> [What to work on]
Each line of the material should be set down exactly. Pictures are not part of the copy.

> [Given data]

━━━━━━━━━━━━━━━━

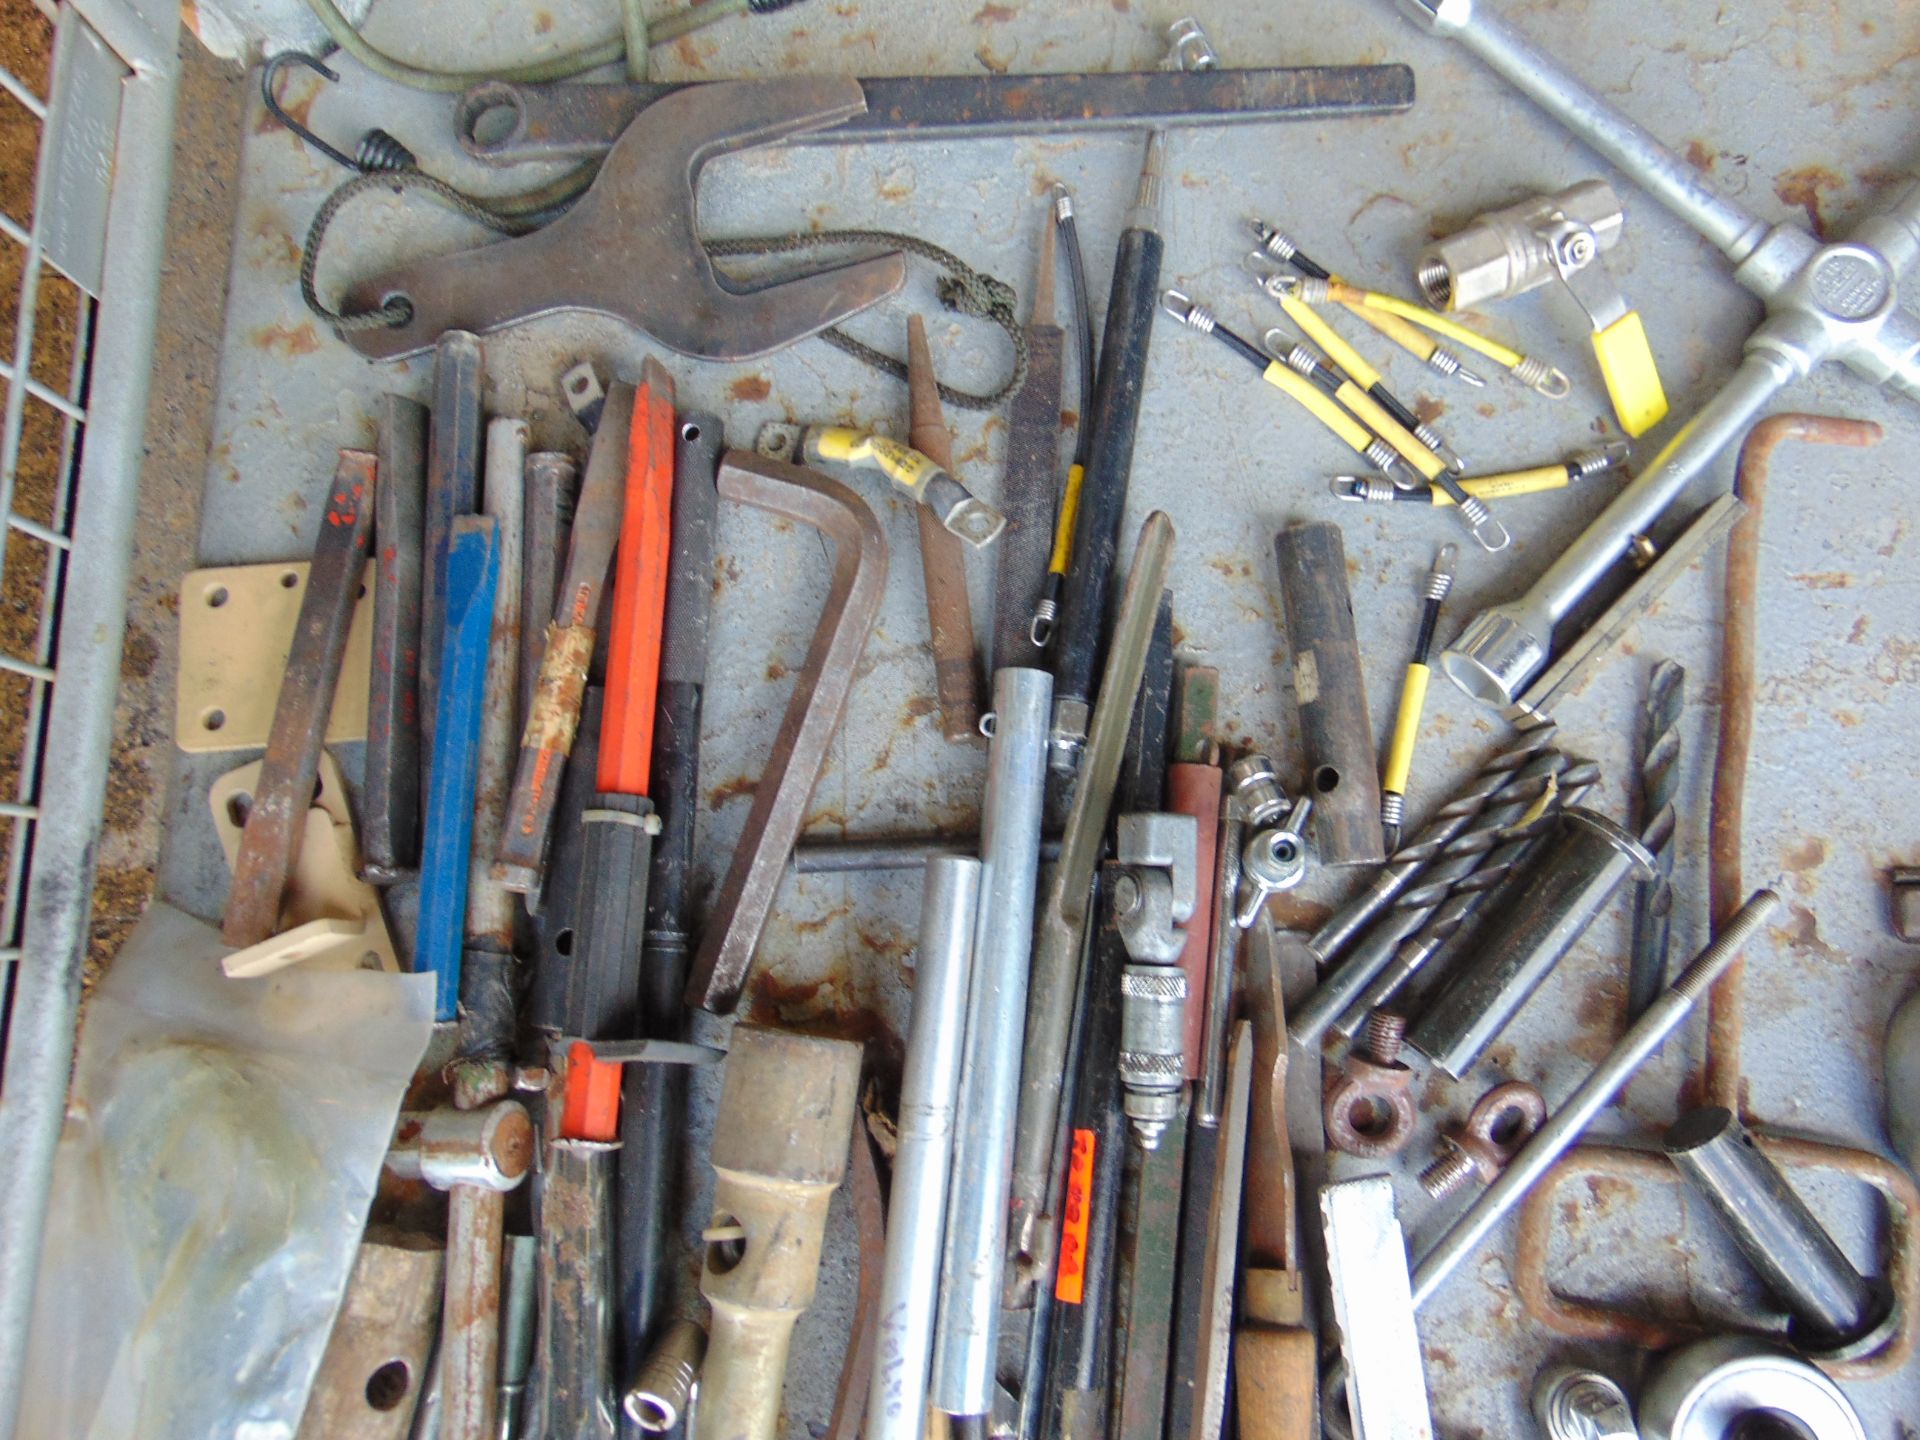 Stillage of Assorted Tools - Chisels, Files, Torque Wrench etc. - Image 5 of 6
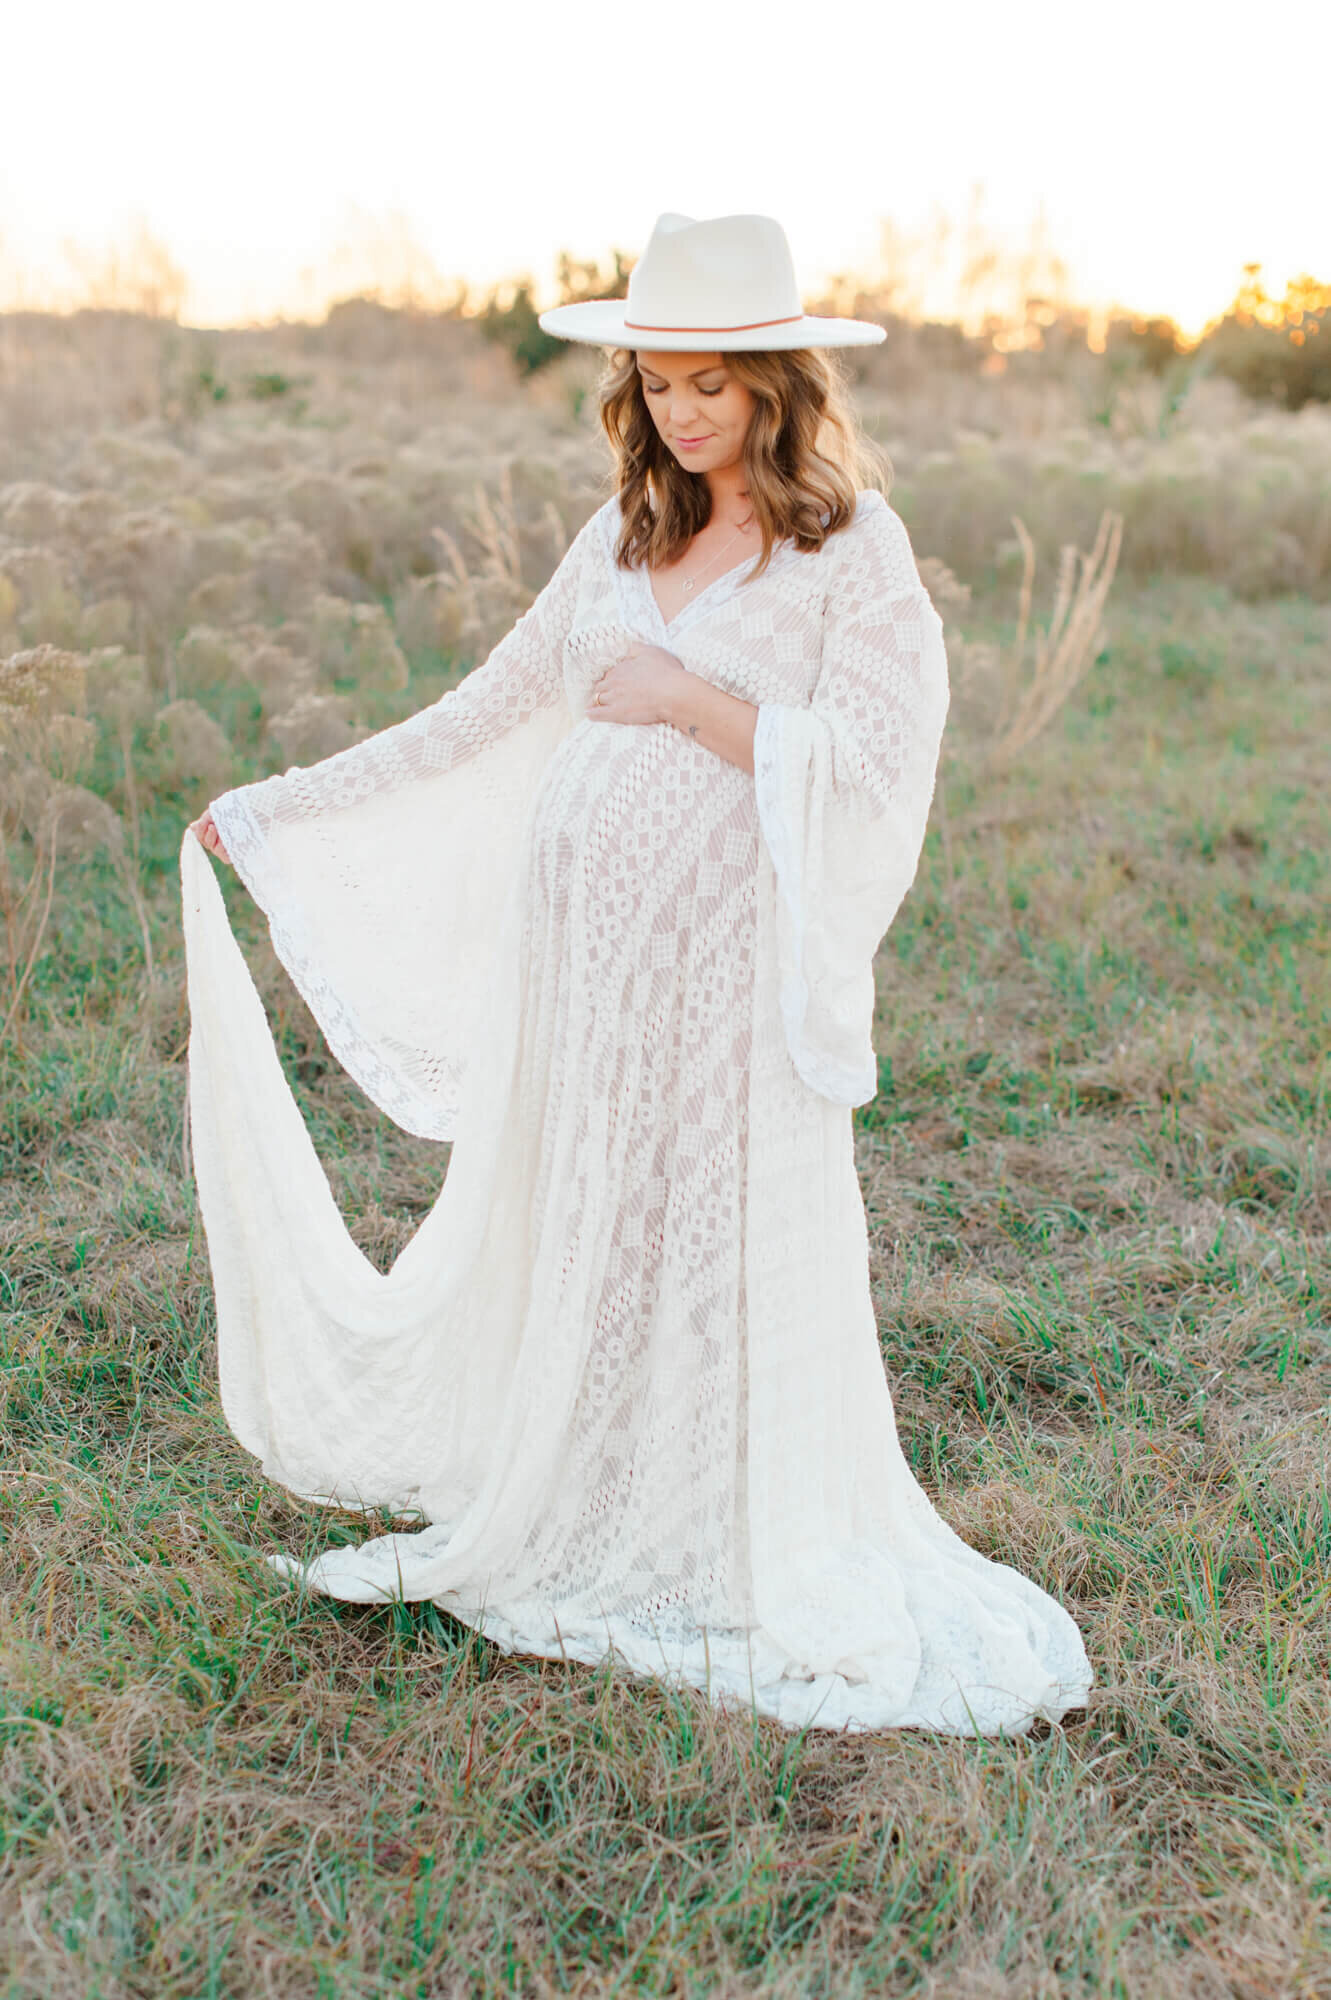 Pregnant mother stands holding her belly in a tall grass field waving her white lace gown in the wind
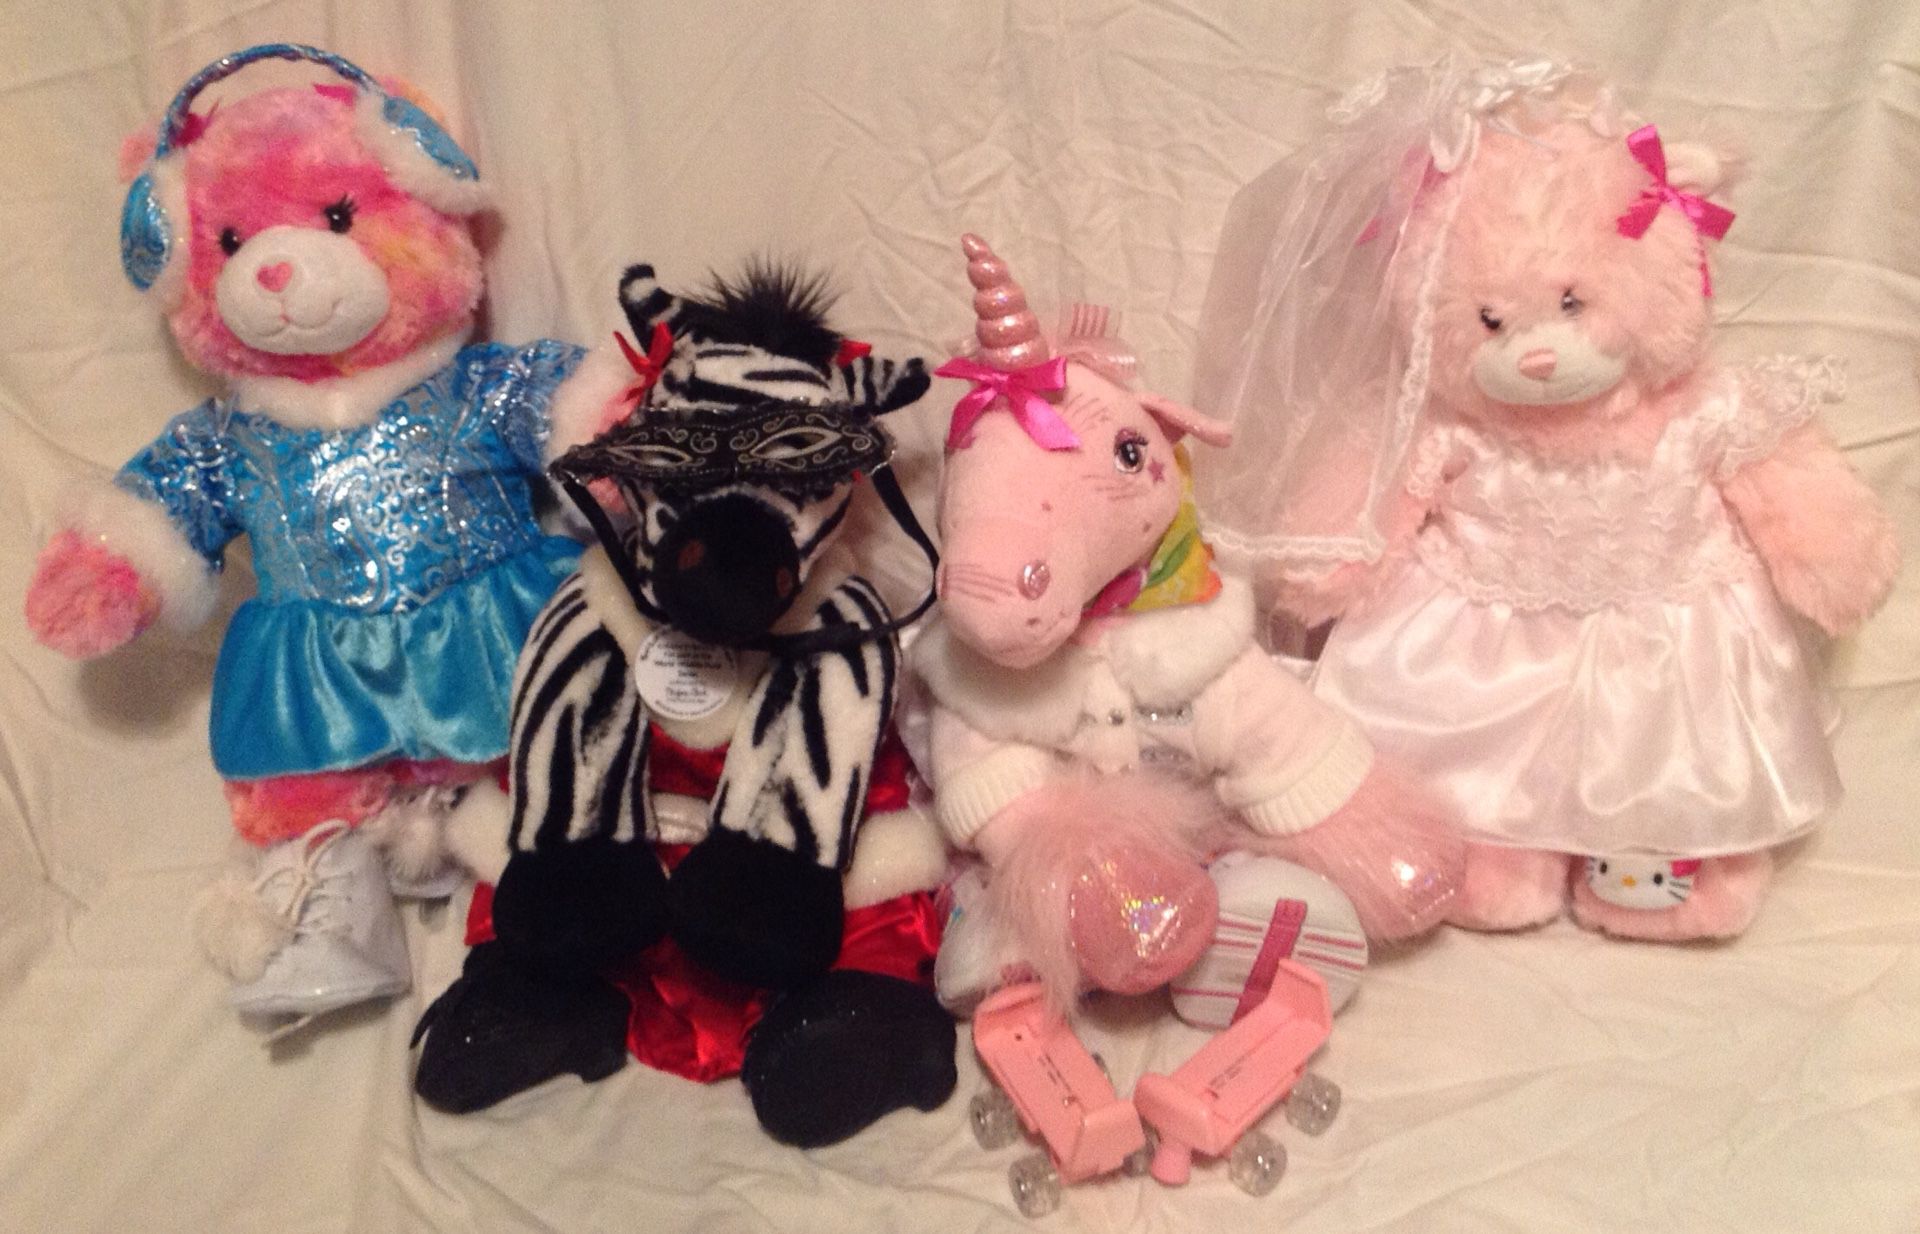 Various BuildaBear plushies with outfits and accessories

━━━━━━━━━━━━━━━━

> [Output for this task]
 Stillage of Assorted Tools - Chisels, Files, Torque Wrench etc. - Image 5 of 6
 Pregnant mother stands holding her belly in a tall grass field waving her white lace gown in the wind
 Various BuildaBear plushies with outfits and accessories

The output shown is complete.